* PROBLEM DESCRIPTION: Would you restate the listing word for word, with the images omitted?

[[ PROVIDED MATERIAL open ]]

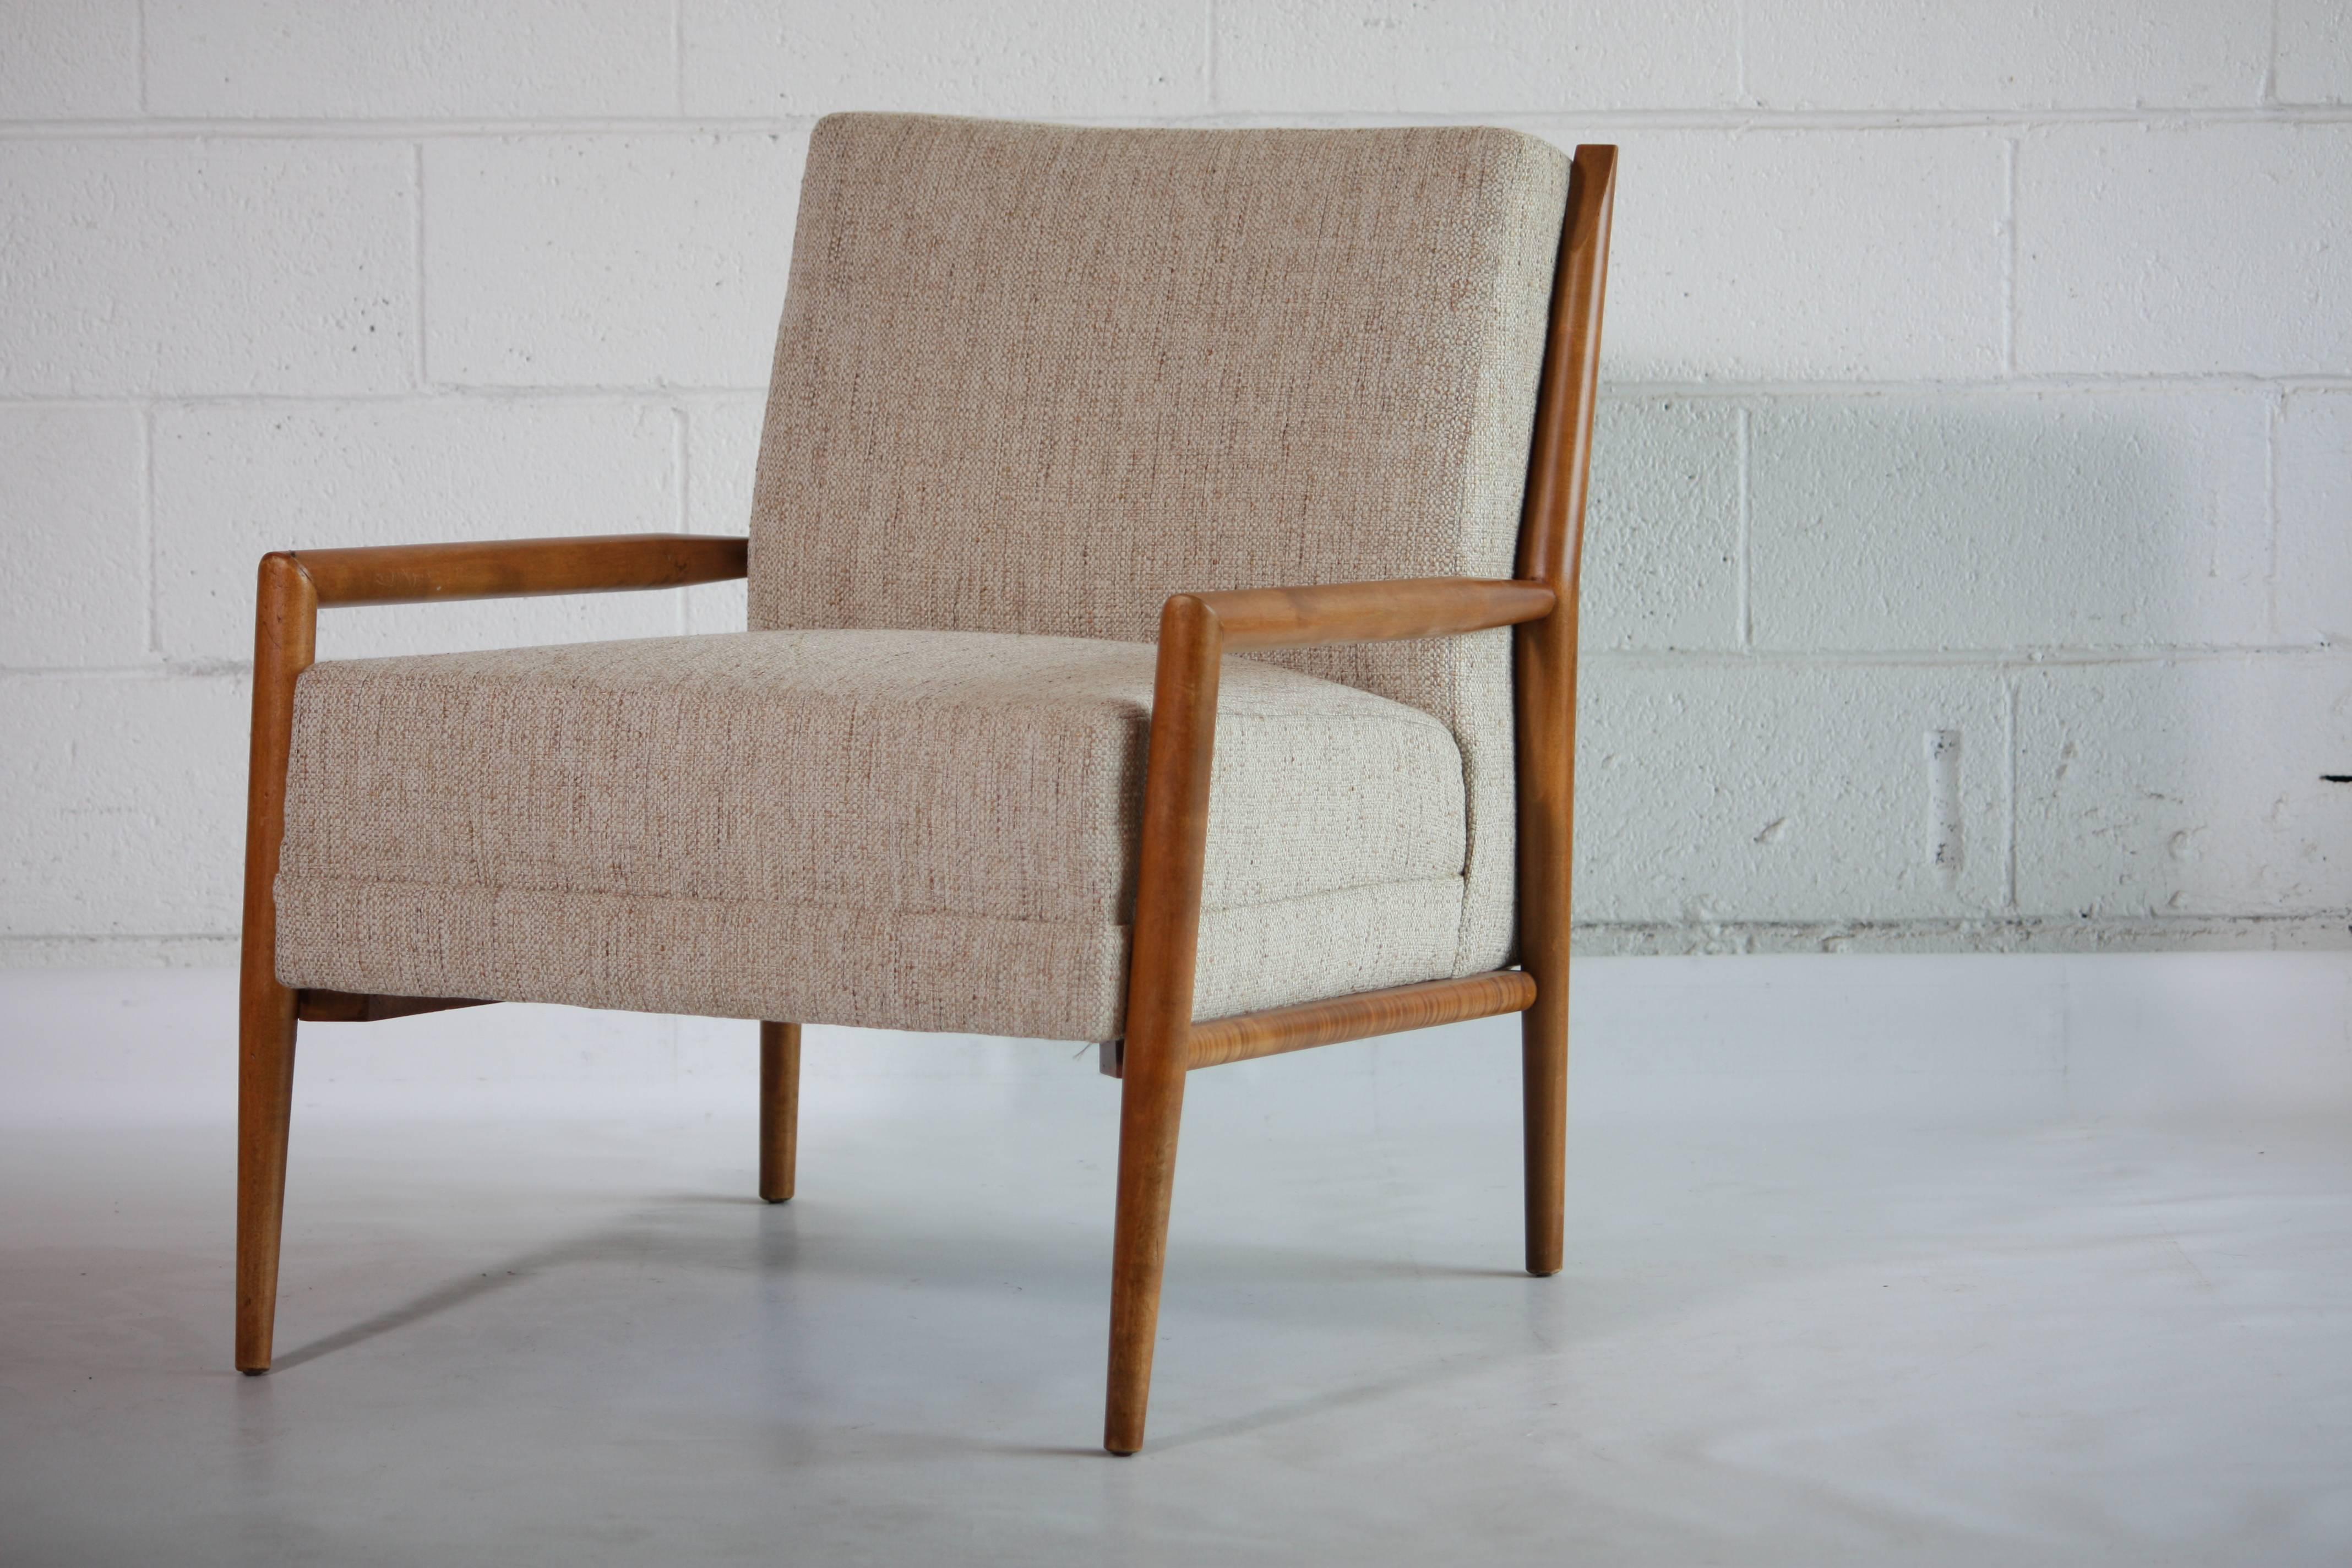 Planner Group lounge chair by Paul McCobb for Winchendon. Pictured with travertine clover leaf side table and vase for scale.
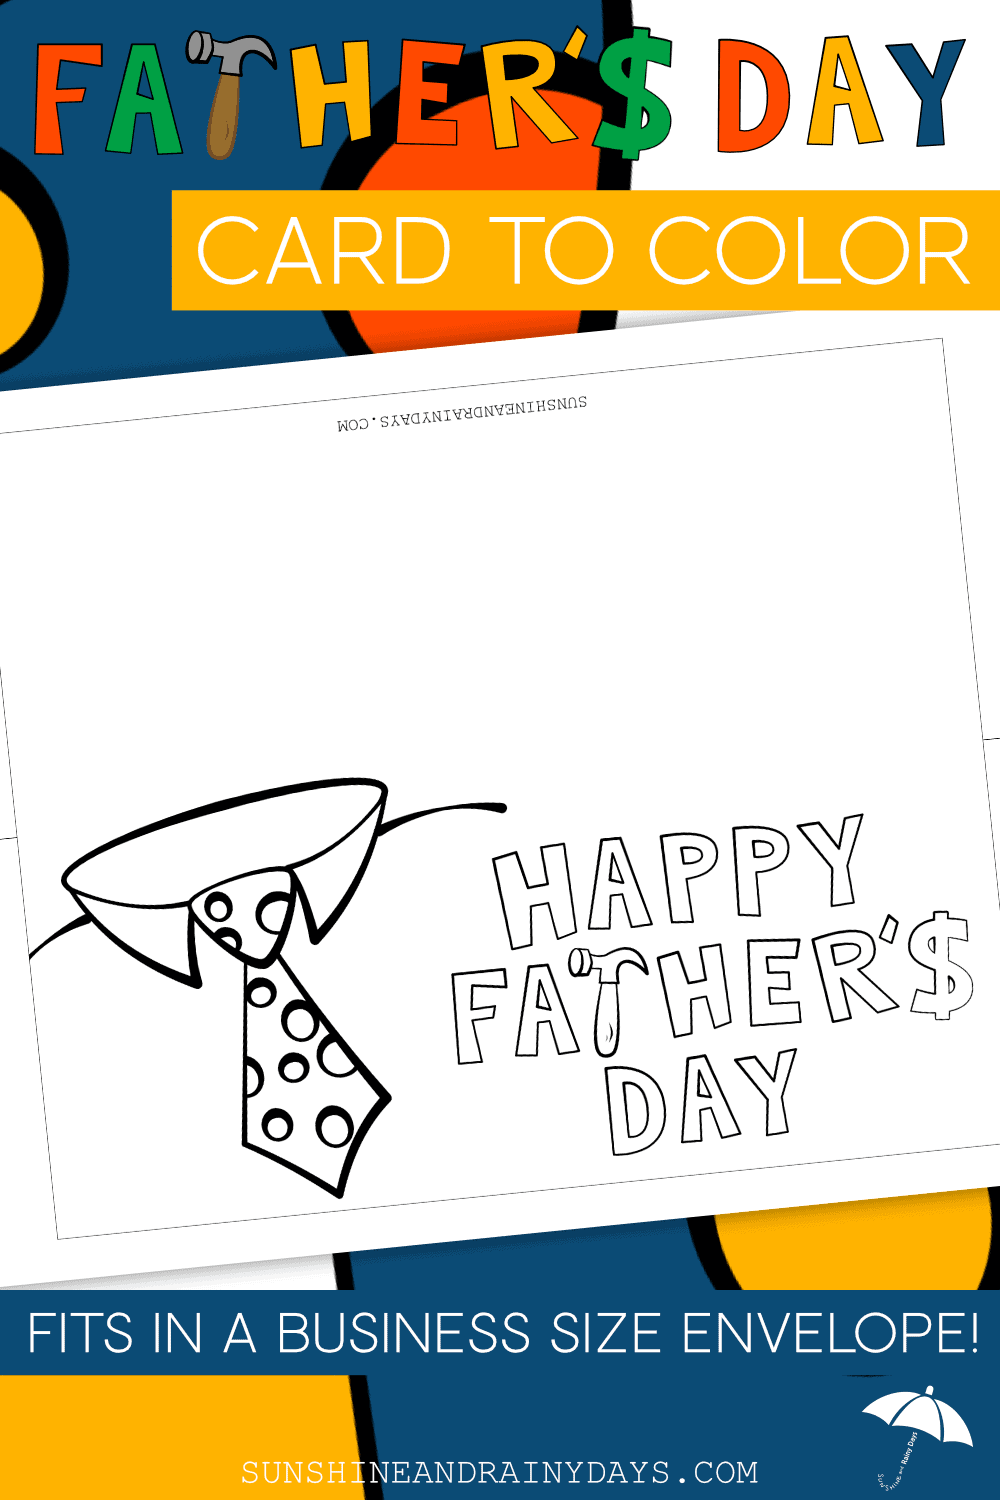 Printable Father's Day Card To Color that says Happy Father's Day with a picture of a shirt and tie!
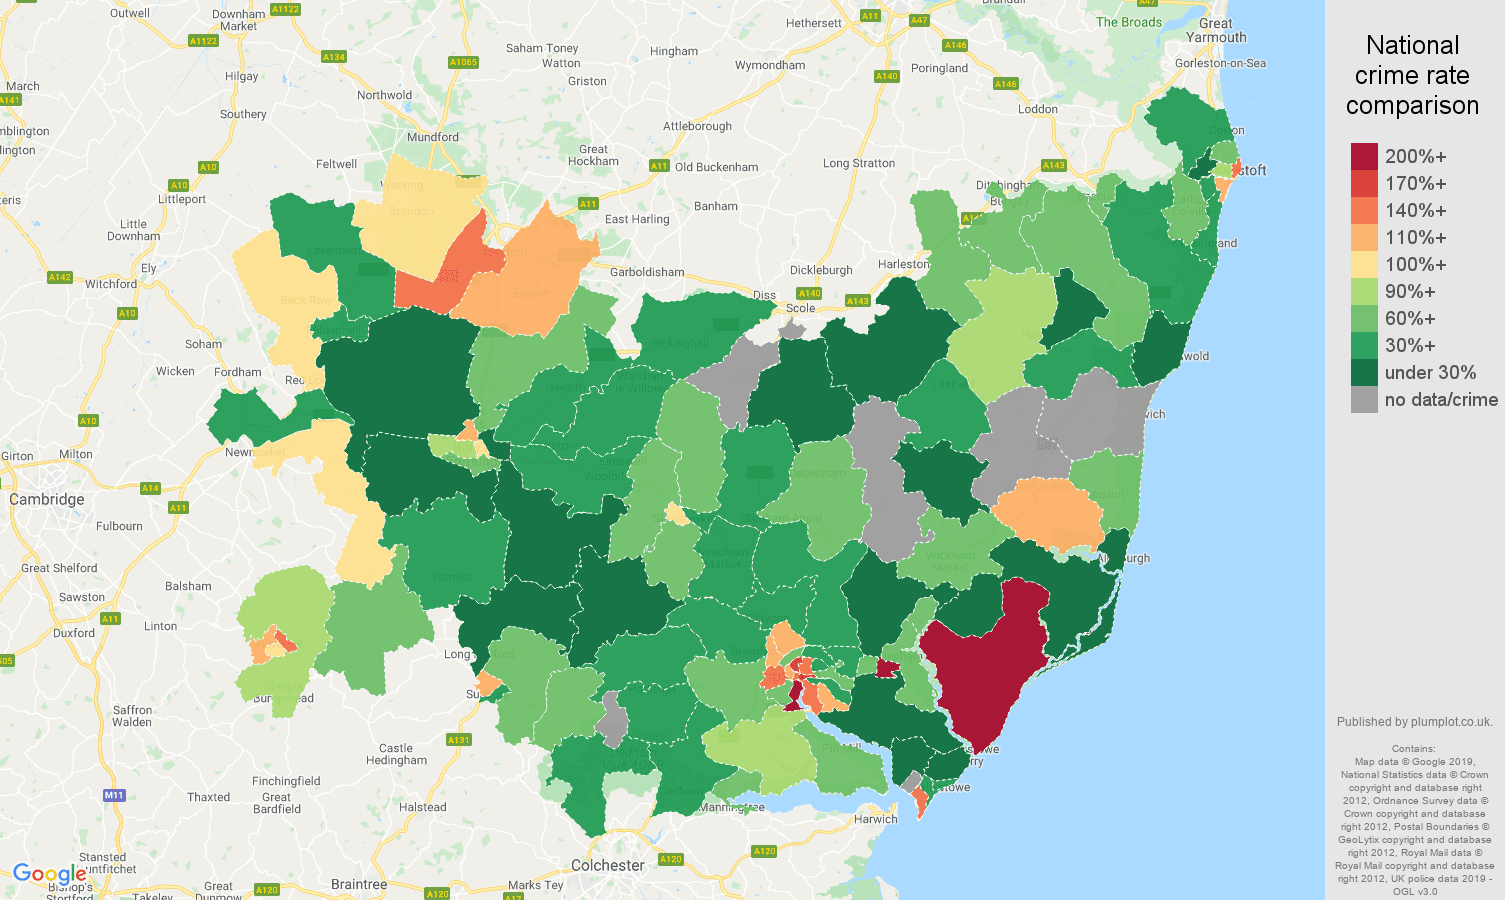 Suffolk other crime rate comparison map

[[ PROVIDED MATERIAL closed ]]

* YOUR SOLUTION:
 Planner Group lounge chair by Paul McCobb for Winchendon. Pictured with travertine clover leaf side table and vase for scale.
 Printable Father's Day Card To Color that says Happy Father's Day with a picture of a shirt and tie!
 Suffolk other crime rate comparison map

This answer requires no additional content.